Dormimos juntas, tinha necessidade de estar perto dela. No dia seguinte foi a mesma rotina. Levar a Maria á creche e ir para a escola. Era os únicos sítios que conhecia. A creche da Maria, a zona onde vivia, e a minha escola. Entrei na sala, e sentei-me ao lado do meu colega. Teve a aula toda a olhar para mim. Já me estava a irritar. Quando saímos fui na direcção dele.
C- Olha queres-me dizer alguma coisa ?
D- Não, porquê ?
C- Então ficaste a aula toda a olhar para mim porquê ?
D- Na verdade queria dizer. Quer dizer, queria perguntar. Porque é que ontem ficaste chateada ?
C- Não fiquei chateada, simplesmente não gosto que se metam comigo. E até ficamos melhor assim. Tu na tua, e eu na minha, entendidos ?
D- És mesmo gira.
Olhei para ele com cara de quem lhe queria dar um bom tareão. Virei costas, e continuei a andar. Não gostava daquela escola. Era tudo tão antipático. Lá na minha antiga escola, tudo se conhecias, todos se davam bem. Mas também era uma escola mais pequena.
Hoje fiquei a saber, que a minha turma era a de eleição das miúdas do 5º ano. Tudo por causa do David. Ri-me tanto sozinha, á pala disto.
Enquanto me sentei lá pelos cantos da escola a ler, veio uma rapariga falar comigo.
- Olá miuda nova.- Sorriu
C- Tu és ?
- Eu sou a Sofia. Não sei se reparaste mas sou da tua turma. É um bocadinho impossível de reparares, porque nunca olhas para ninguém.
Ri-me. Era engraçada. Falava muito rápido, e fazia umas caretas giras.
C- Olá Sofia, eu sou a Carolina. Não é por mal, só acho que têm todos muita mania, e então mais vale nem dar importância.
S- Uau ! Ainda bem que partilhamos da mesma opinião.
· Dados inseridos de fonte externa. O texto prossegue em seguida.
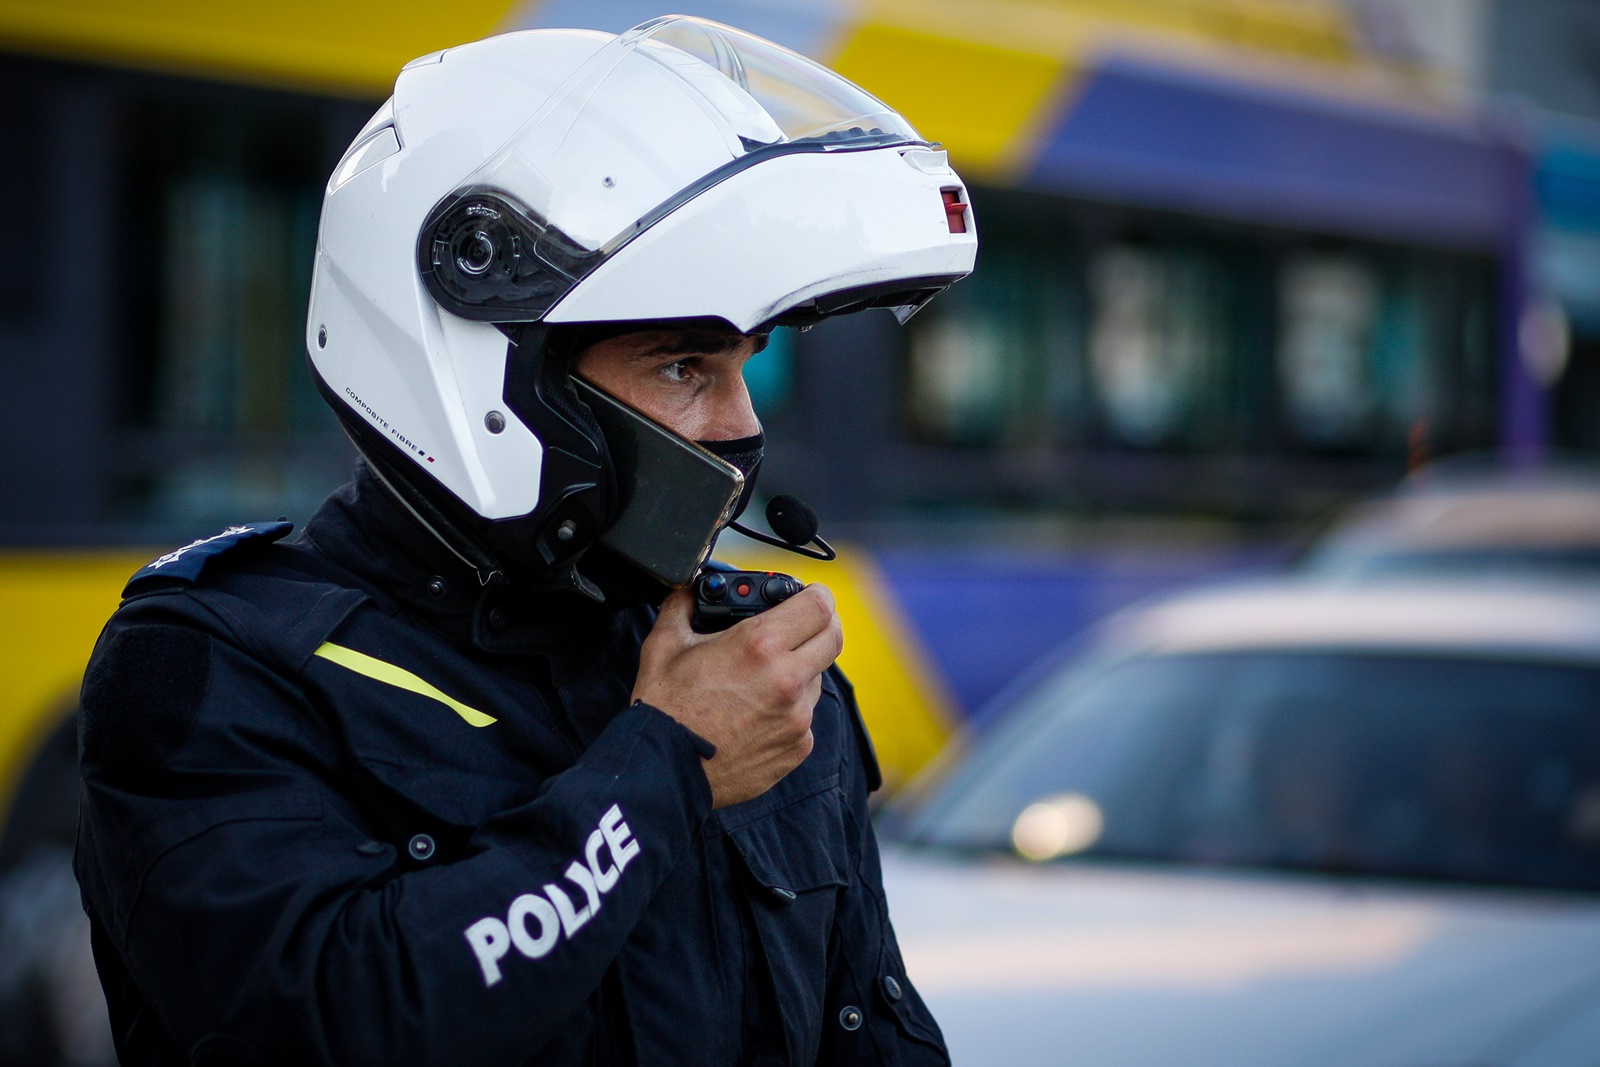 Κάμερες στους αστυνομικούς: Νέο βοηθητικό εργαλείο για την ΕΛ.ΑΣ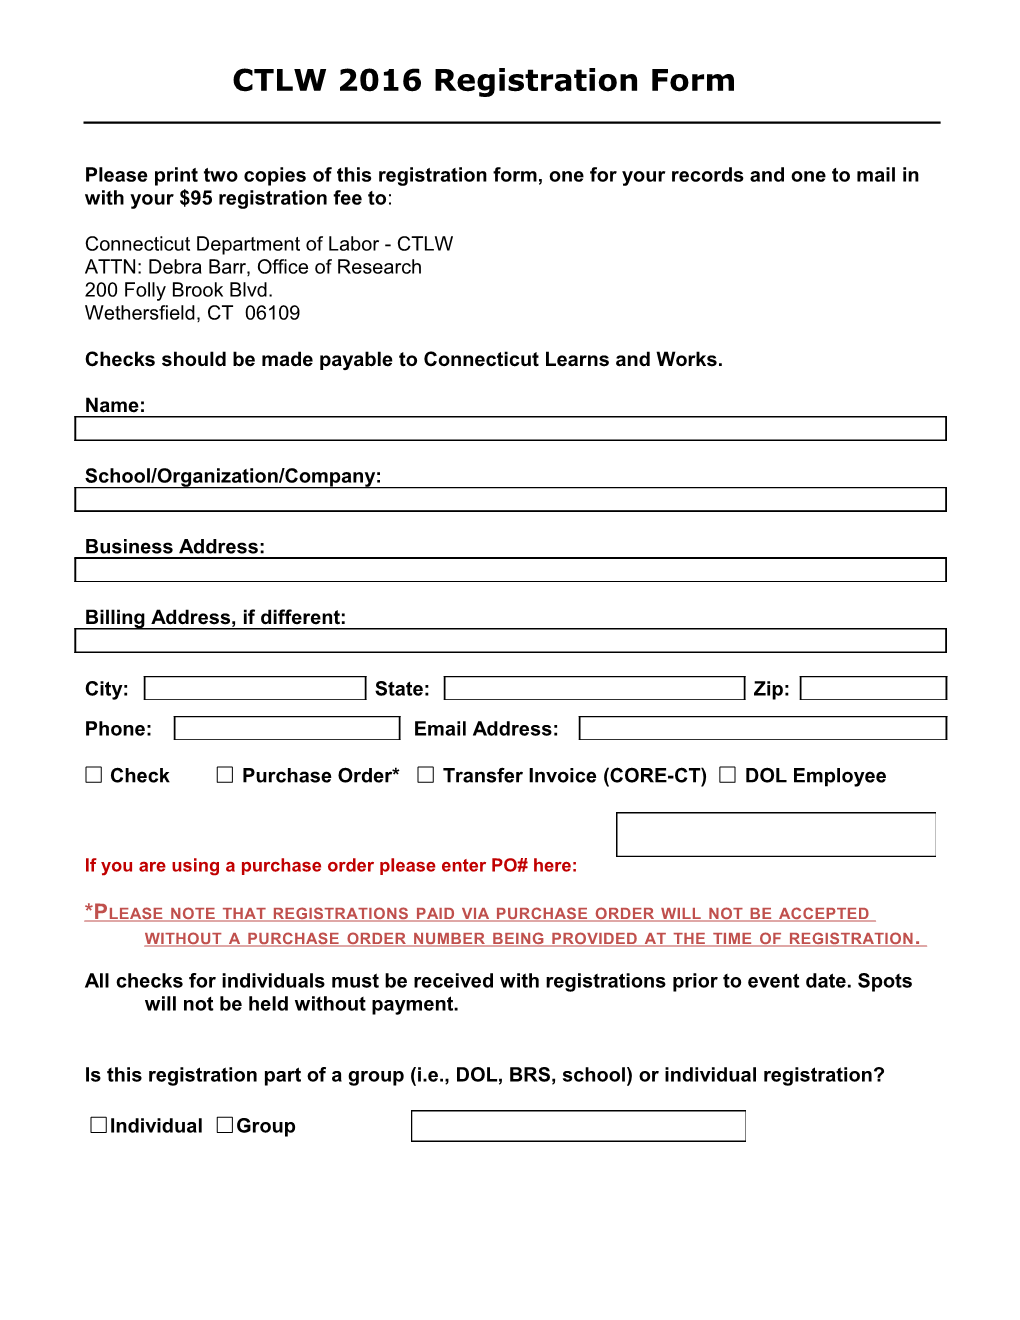 CTLW 2016 Registration Form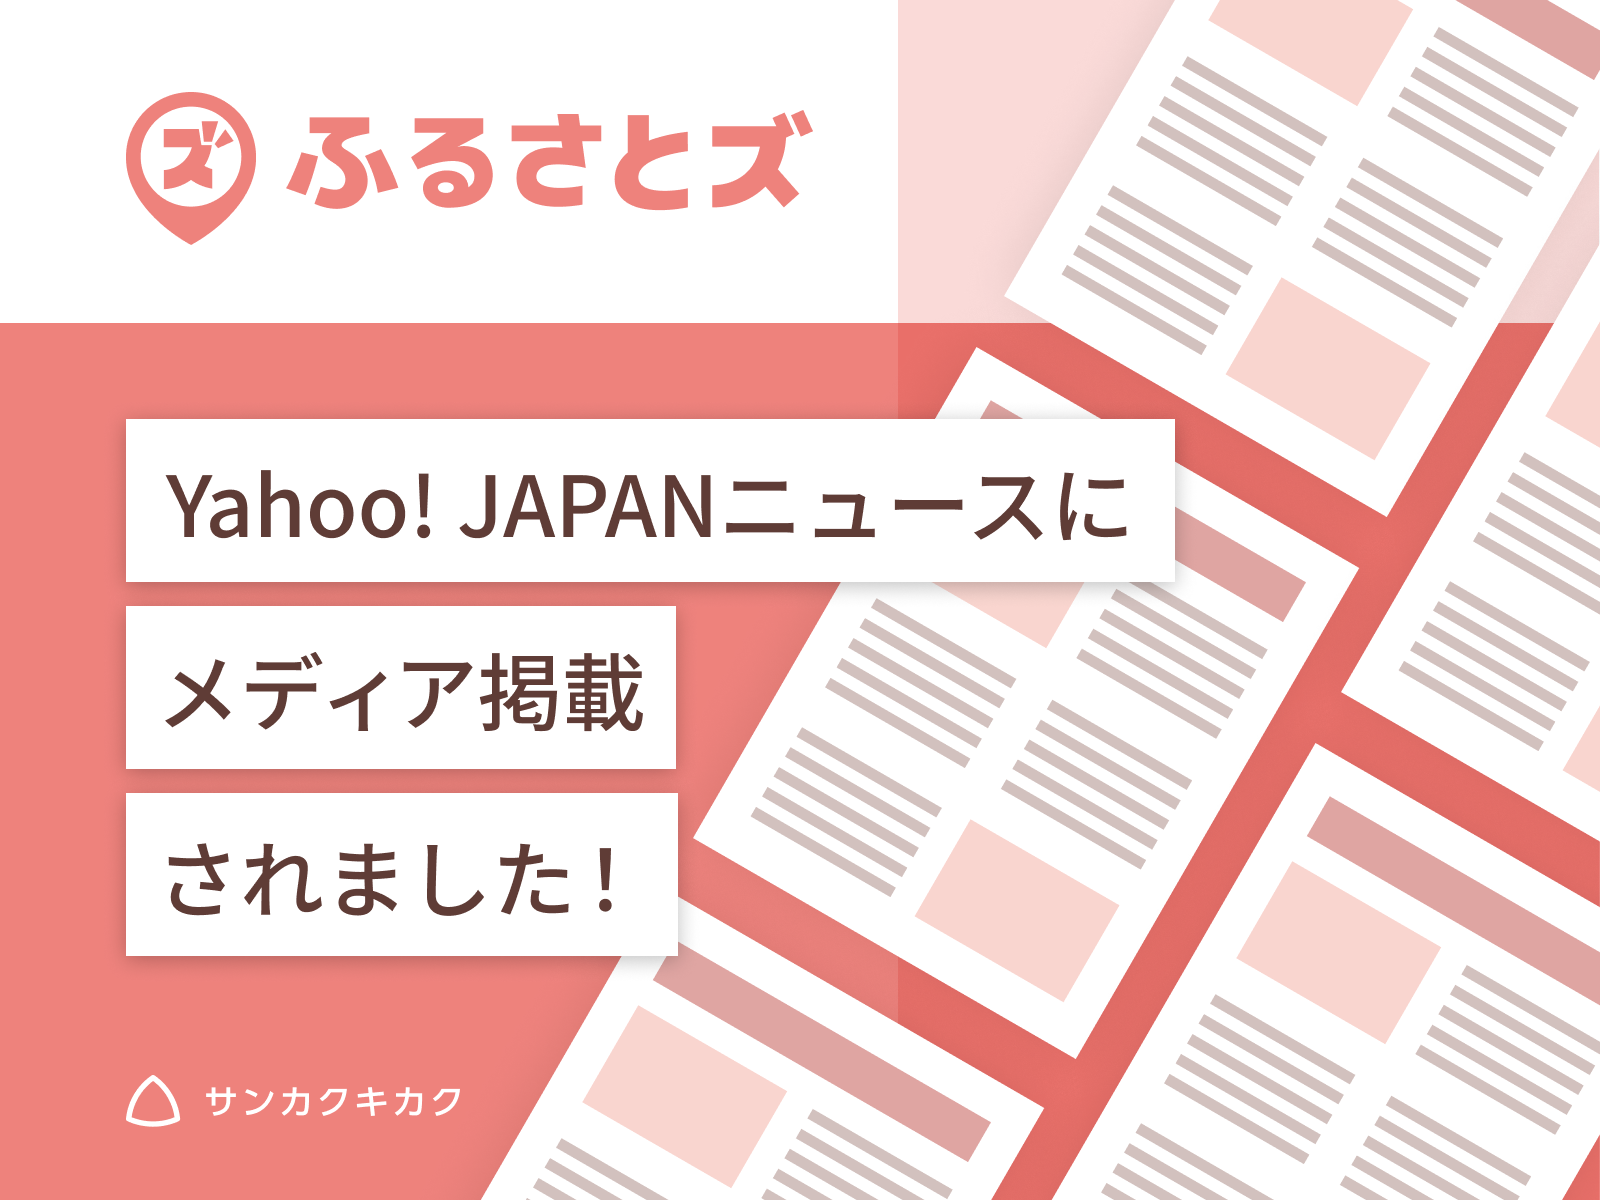 ふるさとズ｜静岡県清水町の飲食店でのふるさと納税全国初導入の様子がYahoo! JAPANニュースに掲載されました。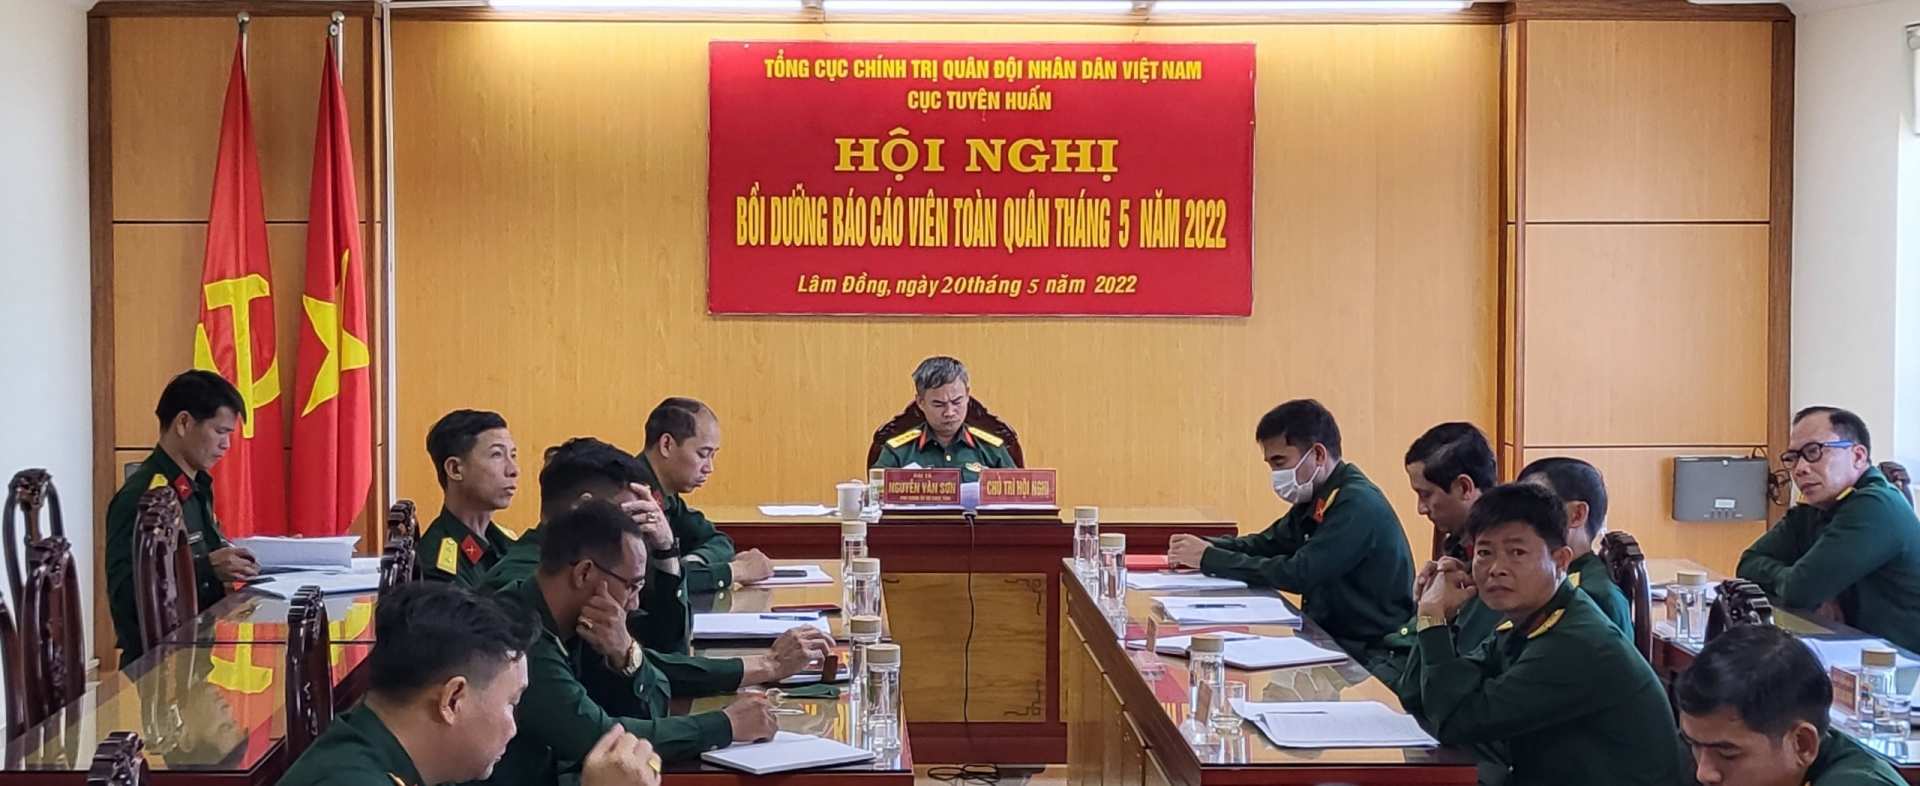 Đại tá Nguyễn Văn Sơn - Phó Chính uỷ Bộ Chỉ huy Quân sự tỉnh cùng các báo cáo viên trong Bộ Chỉ huy Quân sự tỉnh tham dự hội nghị tại điểm cầu Lâm Đồng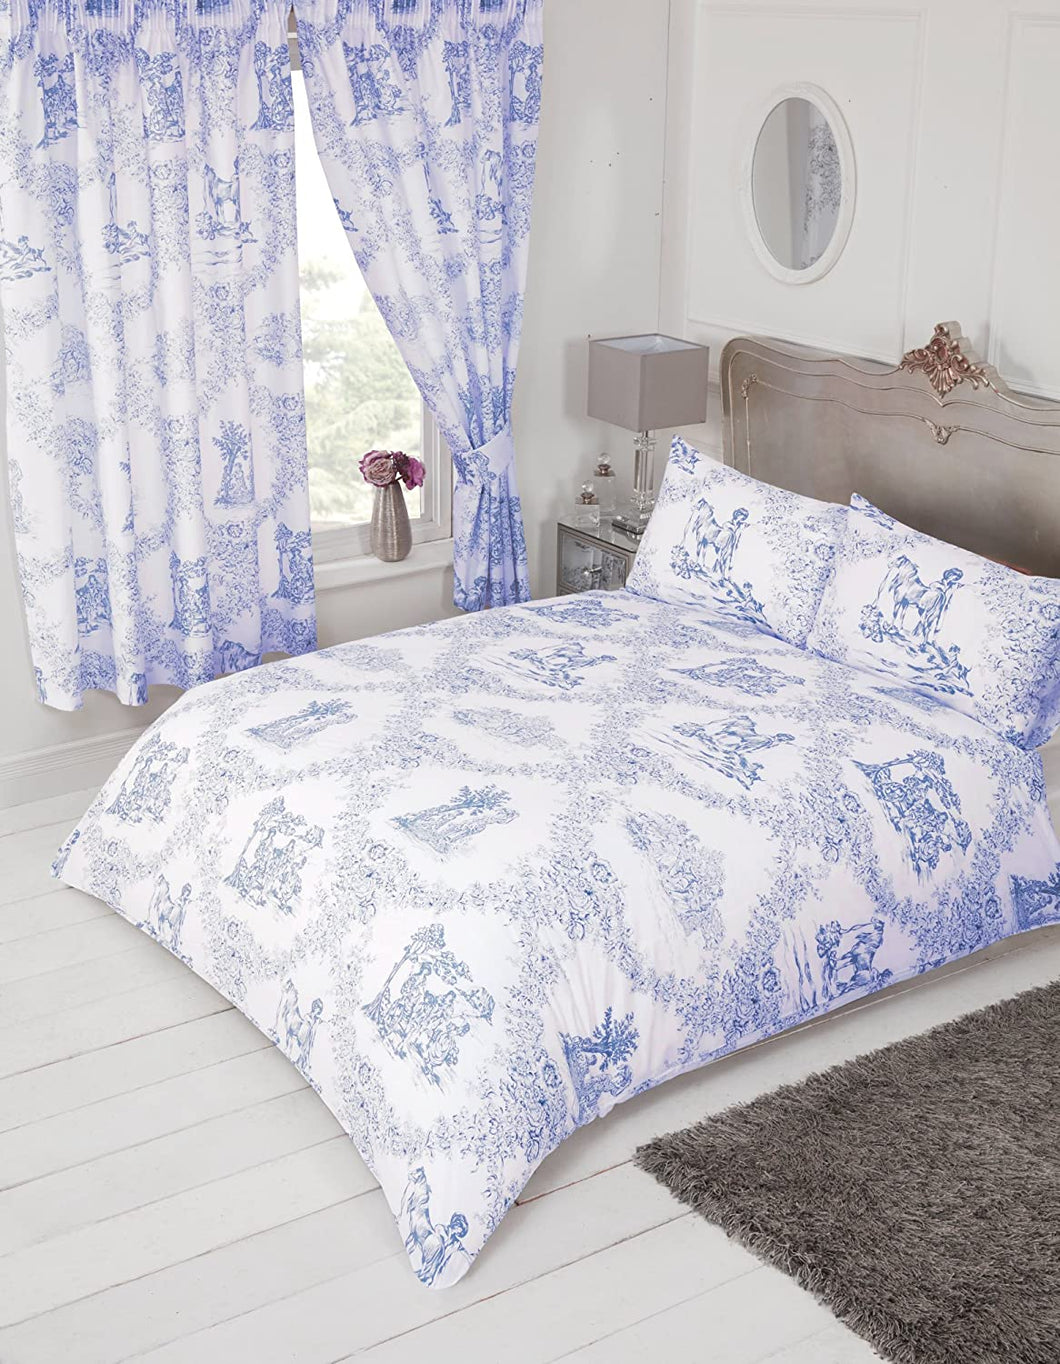 Double Bed Duvet Cover Set Toile De Jouy Blue

Anda, vou-te mostrar a gente fixe que há por estes lados.
Demos umas três voltas pela escola, que por acaso até era grande.
C- Sofia, quem é aquele rapaz ali ?
S- É o Daniel. Um dos mais populares aqui da escola, e mais antigo. Penso que tenha 19 anos, mas esquece é um alvo impossível.
C- Eu também não queria nada, só perguntei porque chamou a atenção.
Na verdade ele era lindo. Tinha o cabelo castanho claro, uns olhos pretos mas profundos, e depois um estilo que tirava o ar a qualquer uma. Mas felizmente, já meti na minha cabeça que não quero mais desilusões, então nem voltei a pensar nele.

4 comentários:

  1. continua, estou a adorar :)
    ( o título tem um pequeno erro xs )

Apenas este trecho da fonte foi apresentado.